Dans la salle du conseil de leur château, le personnage peut commanditer l'assassinat d'un chef de clan en faisant appel à un ninja. La manœuvre peut être tentée à trois reprises. Elle est risquée car en cas d'échec, le ninja peut révéler le nom du commanditaire et le personnage devoir se résoudre au seppuku pour restaurer son honneur (ce qui entraîne le game over). Les autres chefs de clans disposent aussi de cet instrument.
Leadership et trésors sacrés
La compétence de leadership peut être améliorée grâce à quatre trésors sacrés. Le premier, le sanctuaire d'Hachiman, est détenu par Yoritomo à Kamakura. Le général qui conquiert le château récupère le pouvoir. Les deux suivants, le parchemin sacré et l'épée sacré, peuvent être remis par l'empereur lors d'une visite au palais impérial de Kyōto, en fonction des performances du général (même adverse). Le dernier trésor est la princesse Masako, fille de l'empereur, enlevée par le clan Taira et initialement retenue captive dans l'un de ses sept châteaux. Elle peut être déplacée au fil du conflit et ne plus pouvoir être retrouvée si le clan Taira est anéanti. Le joueur la délivre lors d'une séquence de siège : après l'avoir retrouvé dans une cour du château, il doit la protéger jusqu'au donjon.
Séquences d'action
La séquence de la bataille reconstitue les combats en temps réel. Le champ de bataille est représenté en vue d'ensemble et le nombre de bushis affichés dans les deux camps est proportionnel aux effectifs réels (jusqu'à une soixantaine d'unités à l'écran). Le joueur dirige indépendamment les bushis au sabre et les archers en leur demandant de se rapprocher ou de s'éloigner du curseur. Les possibilités tactiques sont sommaires et il s'agit surtout d'optimiser la portée d'action des archers, de répartir les guerriers dans la mêlée et de réaliser une manœuvre enveloppante pour contrer un éventuel repli. La retraite peut être ordonné à tout moment dans les deux camps. Quand l'armée adverse fuit, il est possible de se lancer à sa poursuite, ce qui déclenche une nouvelle séquence.

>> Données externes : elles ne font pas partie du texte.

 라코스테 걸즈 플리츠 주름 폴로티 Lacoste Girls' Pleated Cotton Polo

La séquence de la poursuite à cheval consiste à diriger le personnage sur sa monture, lancé tambour battant sur la plaine, pour achever l'armée en déroute. La scène est représentée en vue isométrique avec un défilement diagonal forcé du décor. Le sabre levé au ciel, le général doit éviter les obstacles naturels et tuer les soldats rencontrés d'un coup de lame précis ou en les percutant. Le but est de progresser le plus loin possible pour avoir une chance de tuer en personne le général adverse. La séquence s'interrompt en cas de chute du cheval. Les performances entrent en compte dans l'évolution de la compétence dans le maniement du sabre.

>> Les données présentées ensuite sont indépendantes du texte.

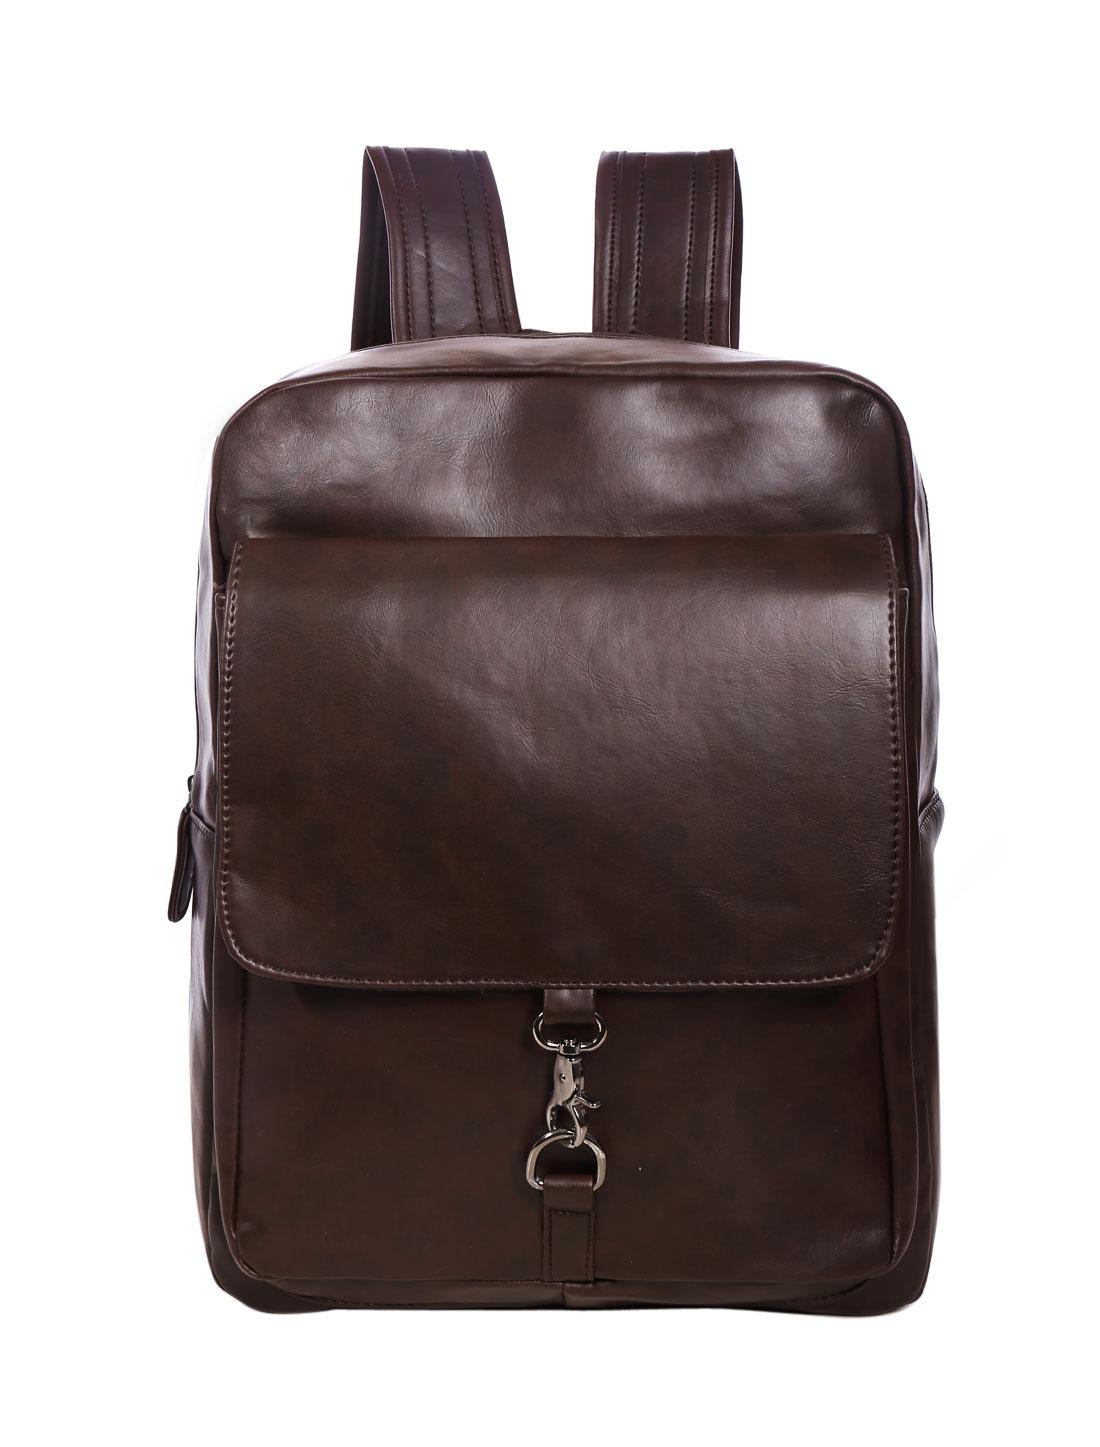 Unisex Adjustable Shoulder Strap Front Flap Pocket Backpack Coffee

La séquence de siège consiste à faire progresser le personnage dans le château pour retrouver le donjon et assassiner le général. La scène prend la forme d'un hack and slash en vue de dessus, à la Gauntlet. Le personnage est équipé d'un sabre et d'un arc et doit explorer le dédale de cours intérieures tout en combattant des guerriers qui se présentent par dizaines. Il y a un temps limite, déterminée par la taille de l'armée et la compétence dans le siège. L'écoulement du temps s'accélère à chaque coup reçu. Les châteaux sont agencés différemment avec des voies plus ou moins dangereuses, des cul-de-sac, des portes à détruire, des points d'eau à contourner et des passages secrets à découvrir. En cas d'échec, l'armée subit de lourds tributs. Les performances entrent en compte dans l'évolution de la compétence dans le siège.

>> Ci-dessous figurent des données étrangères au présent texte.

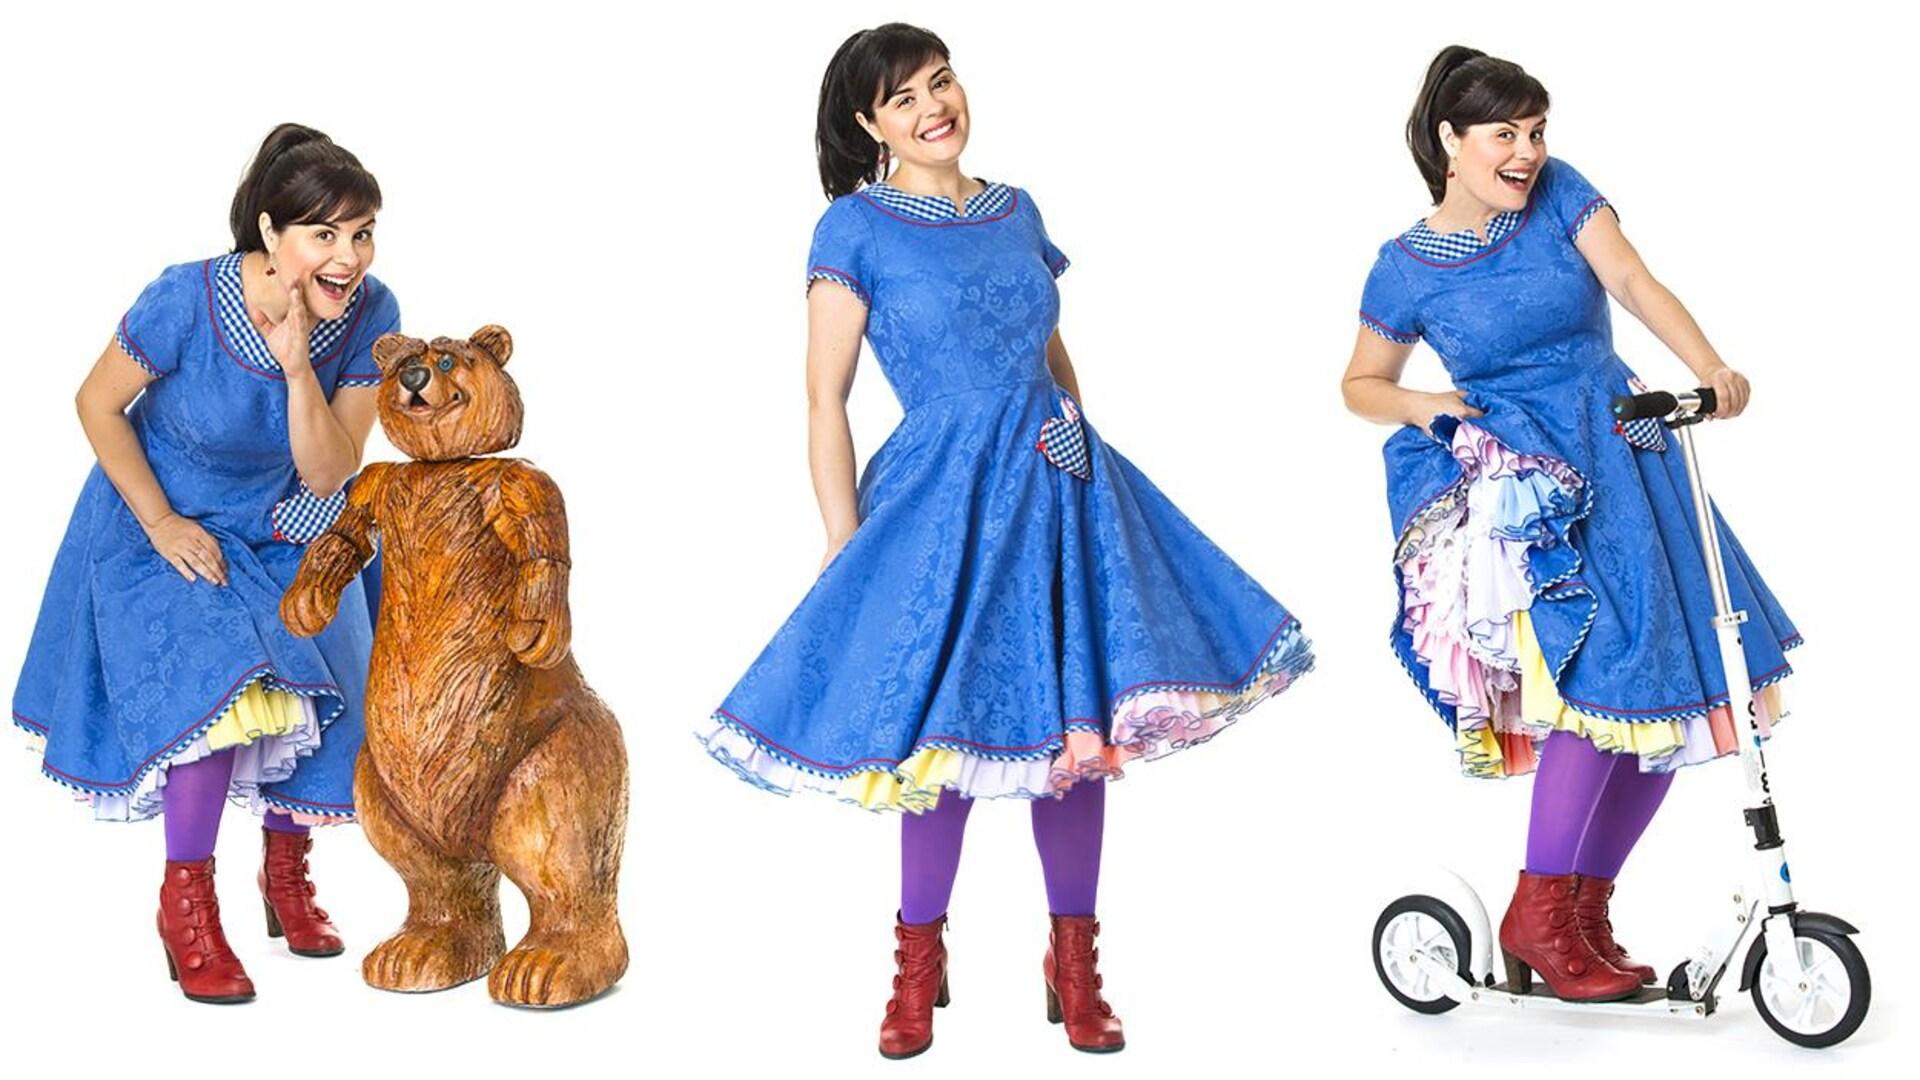 On la voit trois fois : elle murmure à l'oreille de l'ours, elle sourit et elle fait de la trotinette

La séquence de château assiégé survient quand un château du clan est investi par l'ennemi alors qu'un général du clan s'y trouve. La scène prend la forme d'un jeu de tir en vue subjective. Le joueur contrôle un yumi depuis une fenêtre du château et il doit viser les assaillants qui se ruent dans les cours intérieures en escaladant les murs. La probabilité de résister au siège augmente avec le nombre d'ennemis tués. Les performances entrent en compte dans l'évolution de la compétence dans le maniement de l'arc.
La séquence de l'assassin ninja survient quand un chef de clan adverse décide de faire assassiner le personnage, ce qui peut arriver à tout moment de la partie. La scène se joue en vue subjective dans le couloir d'un château. Le joueur contrôle un sabre avec lequel il doit dévier les shurikens lancés par un ninja. Il doit survivre plusieurs secondes jusqu'à ce qu'un garde vienne surprendre le ninja d'une flèche dans le dos. Si le personnage est touché à trois reprises, c'est le game over. S'il survit, il est probable que le commanditaire se fasse seppuku.
Les différentes versions
La version sur CD-i, produite par Philips POV, est directement basée sur la version originale. Dans les scènes cinématiques, des acteurs numérisés remplacent les personnages dessinés.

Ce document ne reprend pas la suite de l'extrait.